Work to complete: Look below for the line containing "Dewey, Derrida, and" and the line containing "EMDR Resourcing PDF PDF Example", then set down both and every line between them exactly, without pictures.

Material to process:
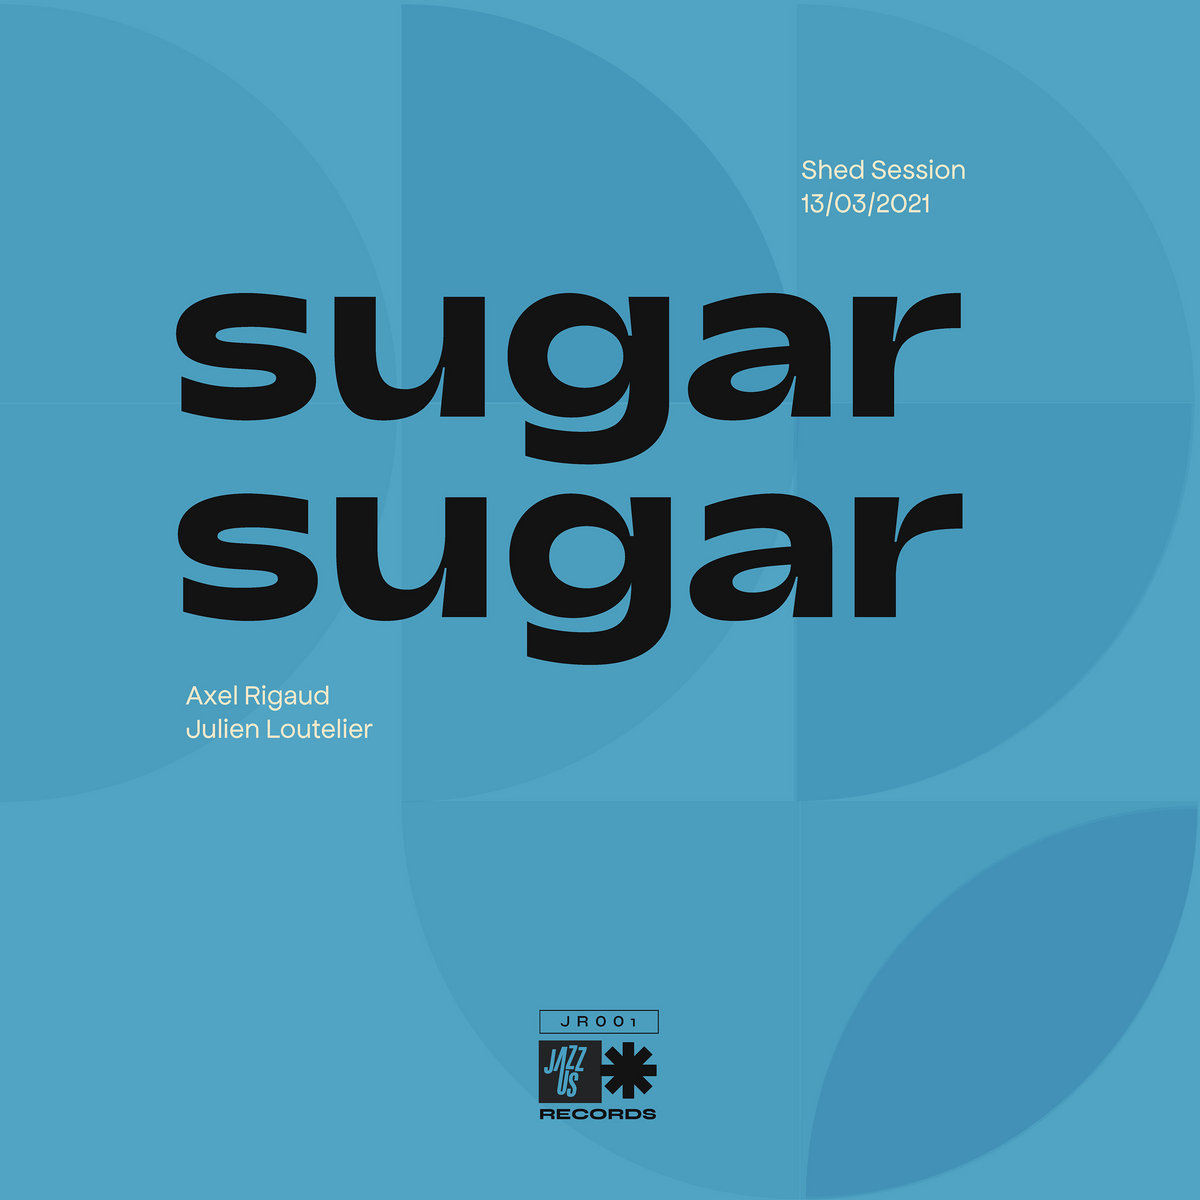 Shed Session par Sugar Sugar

---

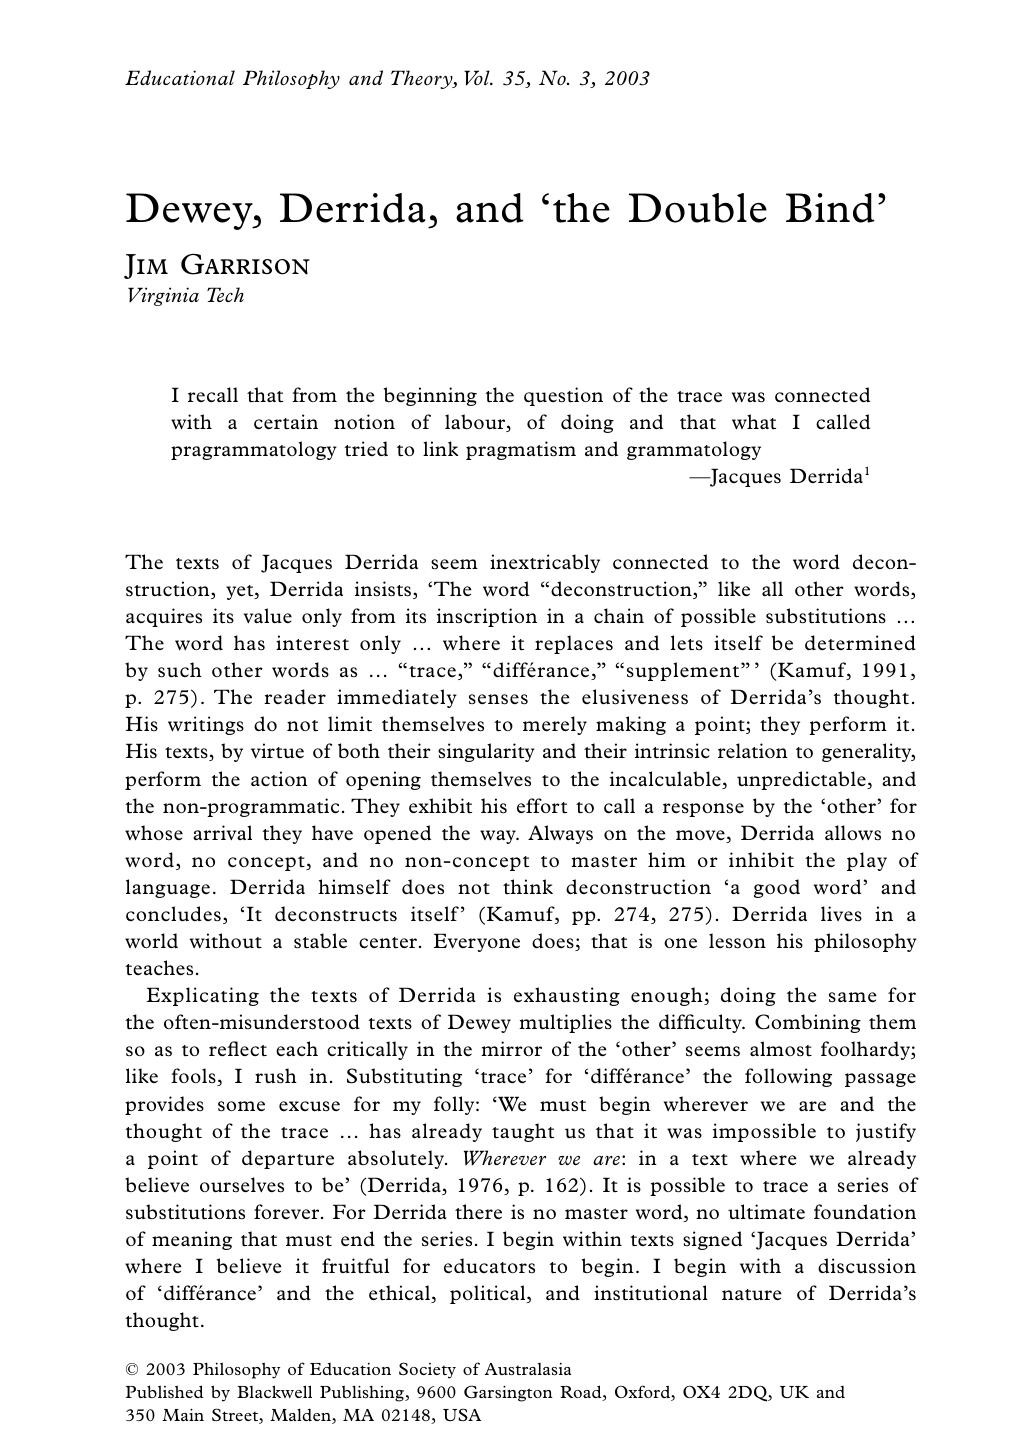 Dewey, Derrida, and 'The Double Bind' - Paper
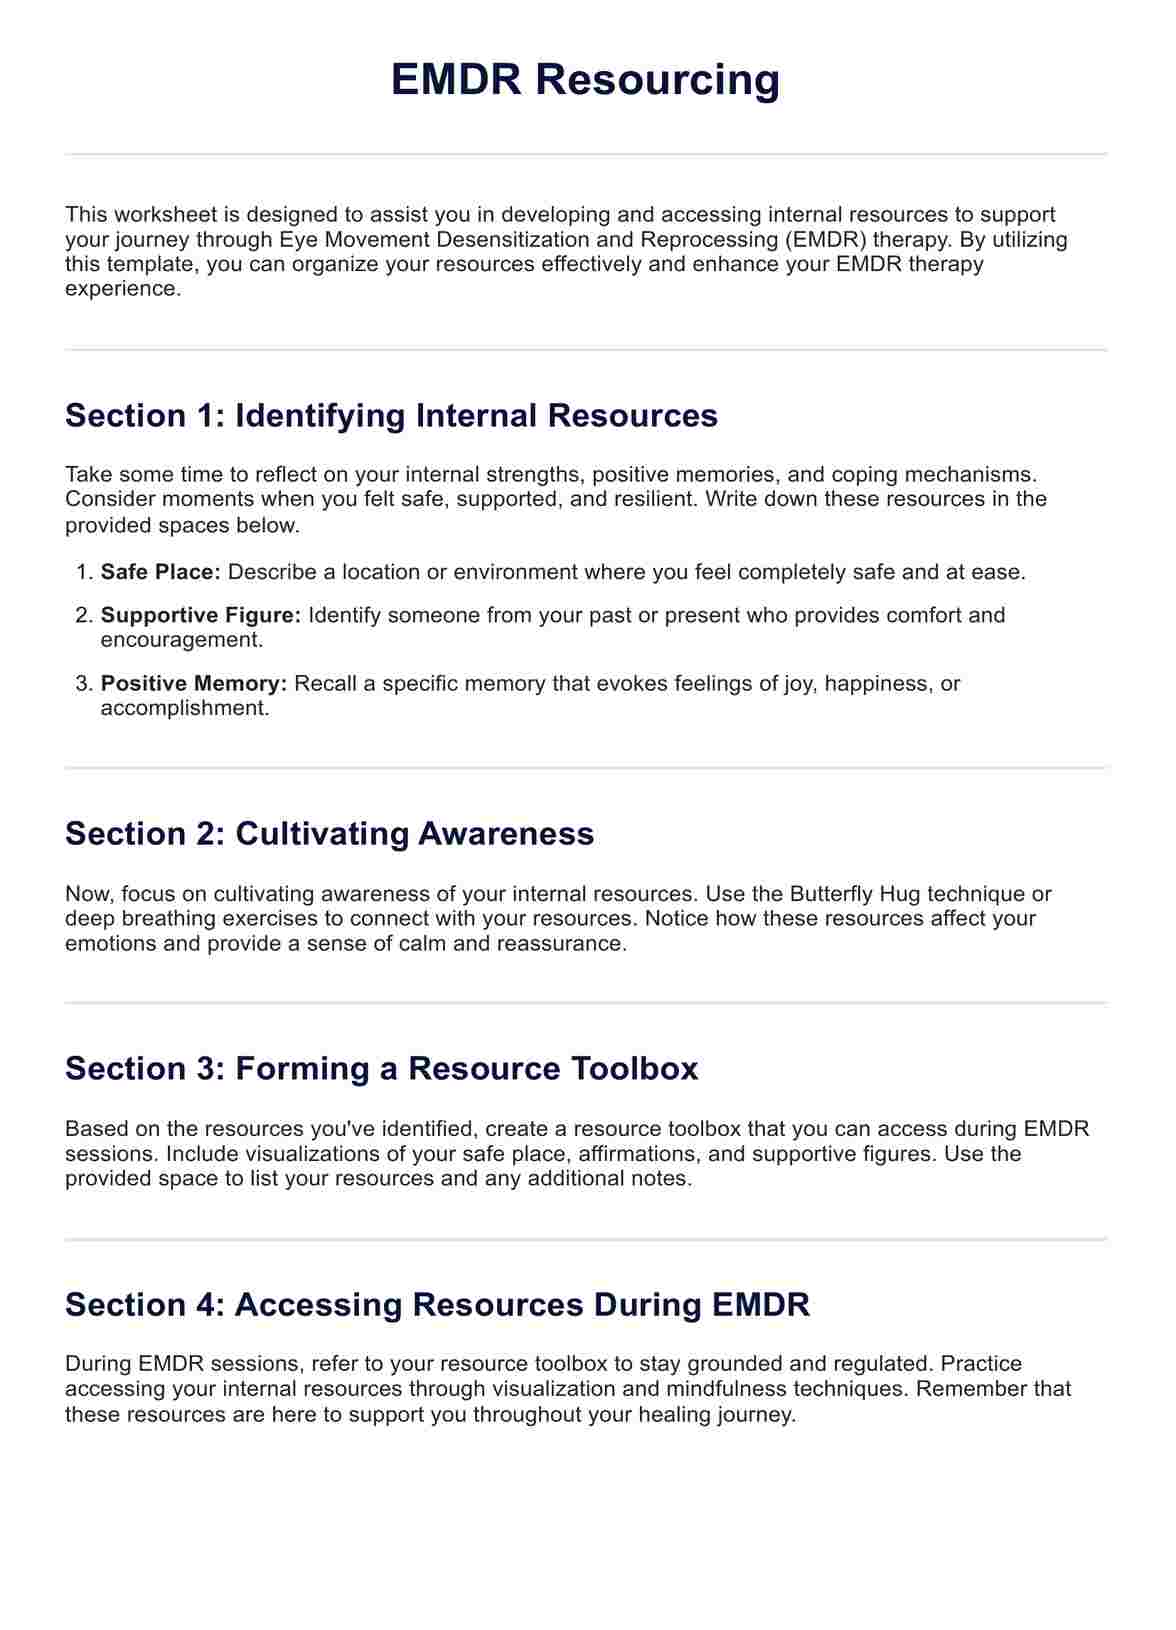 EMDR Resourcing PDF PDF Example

Result of this exercise:
 Dewey, Derrida, and 'The Double Bind' - Paper
 EMDR Resourcing PDF PDF Example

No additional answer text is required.